Продолжая использовать наш сайт, вы даете согласие на обработку файлов cookie, которые обеспечивают правильную работу сайта. Благодаря им мы улучшаем сайт!
Принять и закрыть

Читать, слущать книги онлайн бесплатно!

Электронная Литература.

Бесплатная онлайн библиотека.

Читать: Малые святцы - Василий Иванович Аксёнов на бесплатной онлайн библиотеке Э-Лит


Помоги проекту - поделись книгой:

— Здравствуйте, — мы ей почти хором.

— Ну и погода, — говорит.

Я и отец молчим, а мама отвечает:

— Да уж… Передуреть никак не может. Уж и пора бы очураться.

В одной руке у Эрны бурые шерстяные варежки, уже сняла их, в другой — красная хозяйственная сетка, в сетке пустая стеклянная трёхлитровая банка — запотела в доме сразу. На дне банки — корочка хлеба — русский обычай, вряд ли то, что и немецкий; уже здесь, наверное, в Ялани, научилась ему Эрна. Но наверное не знаю.

— Проходи, садись, — говорит гостье мама.

— Да я уж тут, возле порога, — говорит та, пристраиваясь около двери на стуле. — С валенок что и натечёт, так на клеёнку.

— Беда-то… Подотрём, — говорит мама, — не сломаемся.

Отец поел уже и, устроив свои грузные, крупные руки: правую на стол, а левую на спинку стула, развернулся за столом лицом к пришедшей.

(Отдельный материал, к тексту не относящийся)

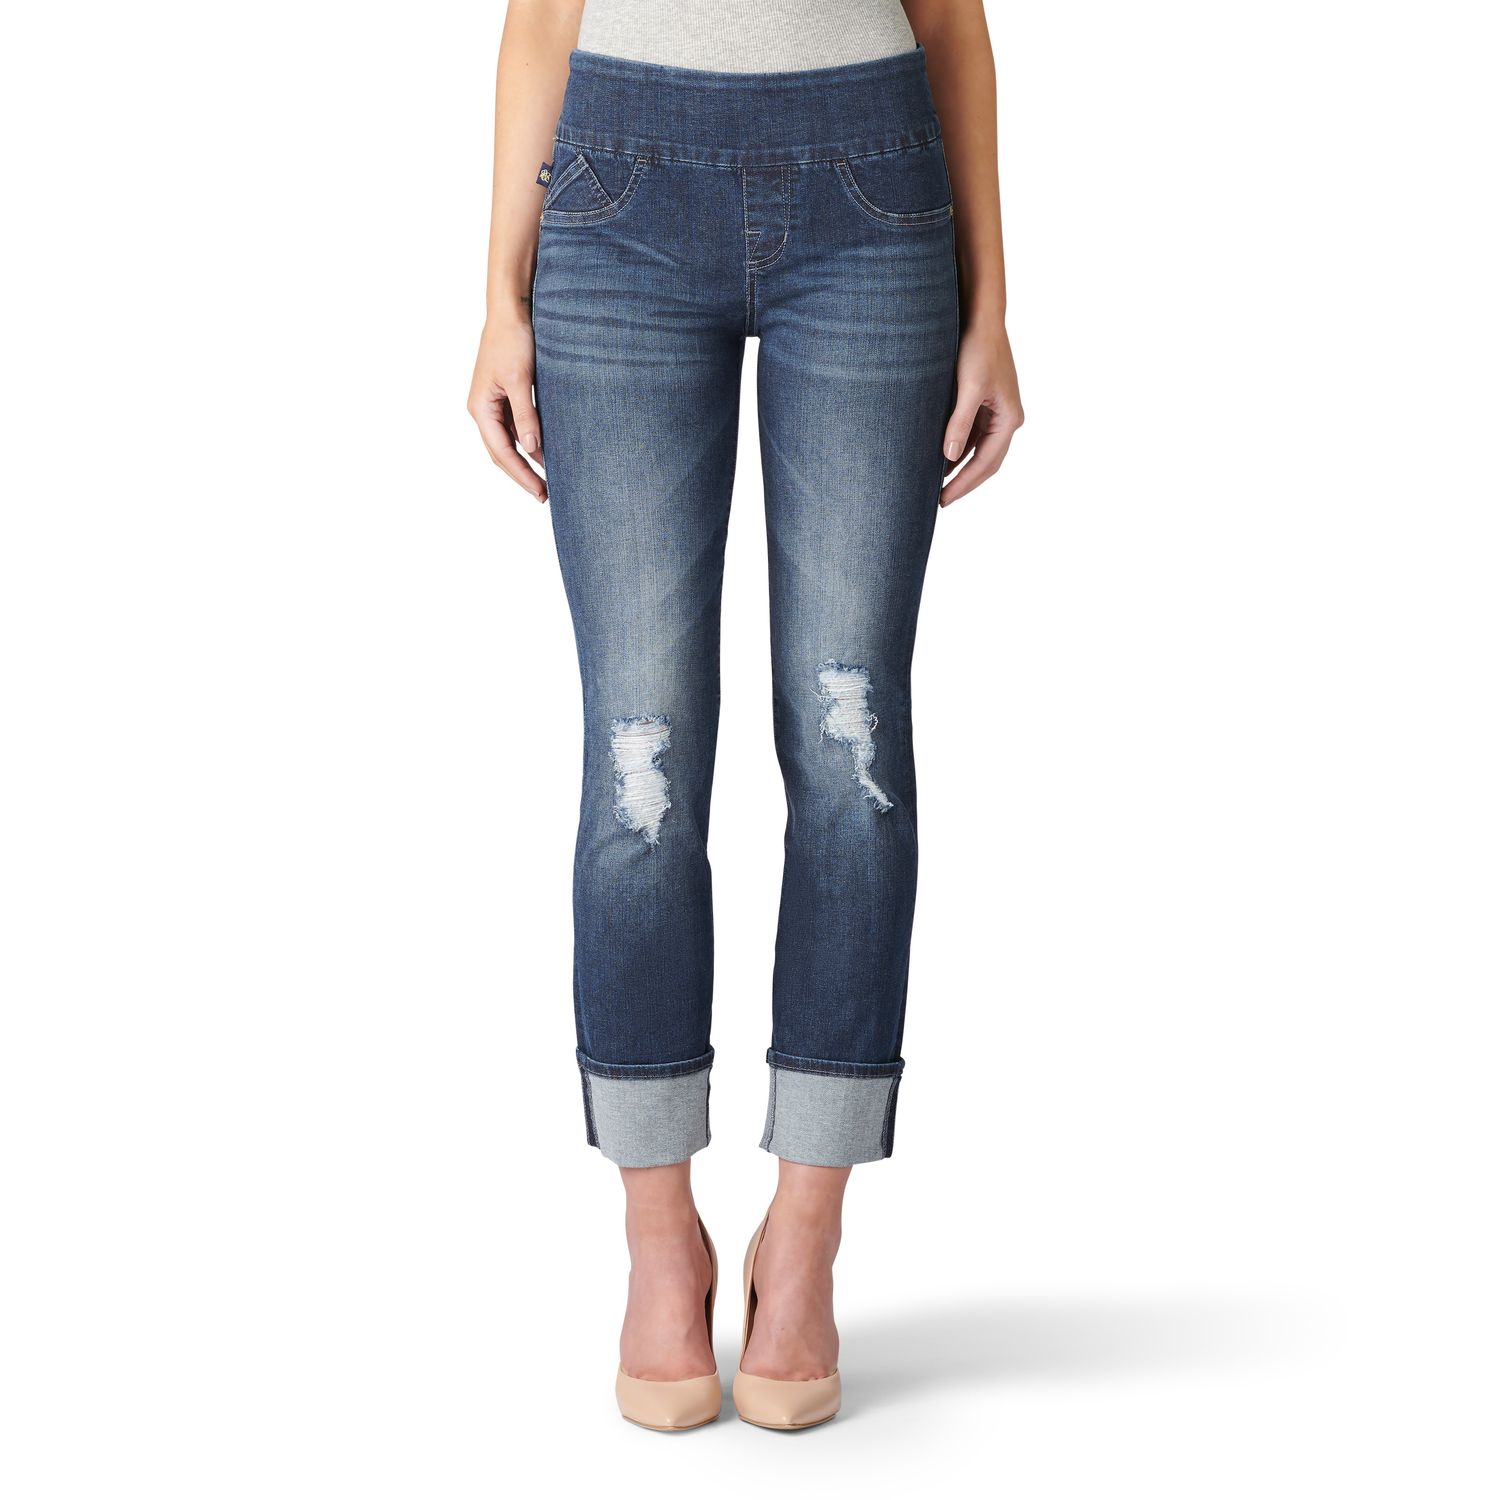 Fever Midrise Pull-On Straight Leg Jeans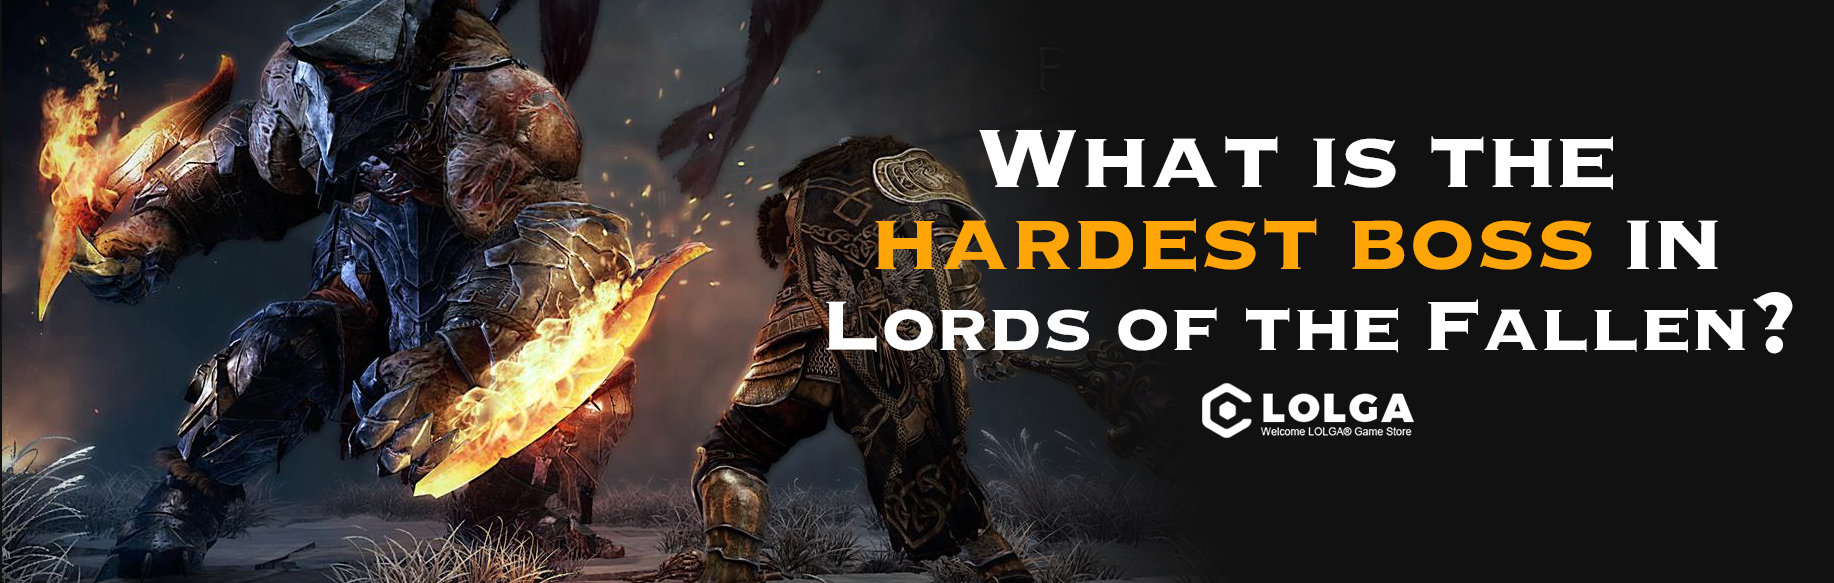 What is the hardest boss in Lords of the Fallen?

Подбородок у него испачкан чем-то жирным — блестит. Смотрит отец на Эрну приветливо — будто видит.

Мама подошла к нему, вытерла полотенцем ему подбородок.

— Метёт? — спрашивает отец.

— Метёт, — отвечает Эрна.

— У-у, — говорит отец. — Дак дом маленько не сдвигат… И завыват вон… как зверюга. Давно такого-то уж не было, не помню.

Ухожу я в другую комнату. Ложусь на диван, читать располагаюсь «Волхва».

Сидит Эрна обычно долго — делать ей дома нечего — хозяйства у неё, кроме ребёночка, никакого. А когда она уходит, мама вздыхает облегчённо — ей-то уж некогда бездельничать: хлопот полон рот. И выпроводить гостью она не может: мол, неудобно, совестно, сама понять, дескать, должна. Не понимает.

Задремал я с «Волхвом» на груди — том тяжёлый — крепко давит; в сон меня здесь пока ещё всё клонит почему-то, чуть где присел, прилёг — и закемарил. Как сурок — отец так раньше, помню, выражался, теперь не о ком — вдвоём-то с матерью. Дрёма сладкая, но не густая — слышу:

— Можно к вам?

— Можно, можно, чё ж нельзя-то… Дверь захлопывай скорее — как в трубу, тянет… Ногам, стою тут, шибко холодно.

— Здравствуй, тётка Елена.

Узнаю по голосу Ваню Чуруксаева. Говорит он, как выпивший, так и трезвый, всегда одинаково — глухо, из-под земли будто, чуть нараспев и мало — только по существу.

— Здравствуй, Ваня, — отвечает ему мама. — Каким к нам ветром?

— Ты меня не опохмелишь?

— Нечем, парень.

— А паперёс не дашь?.. Олег-то спит? А он не курит?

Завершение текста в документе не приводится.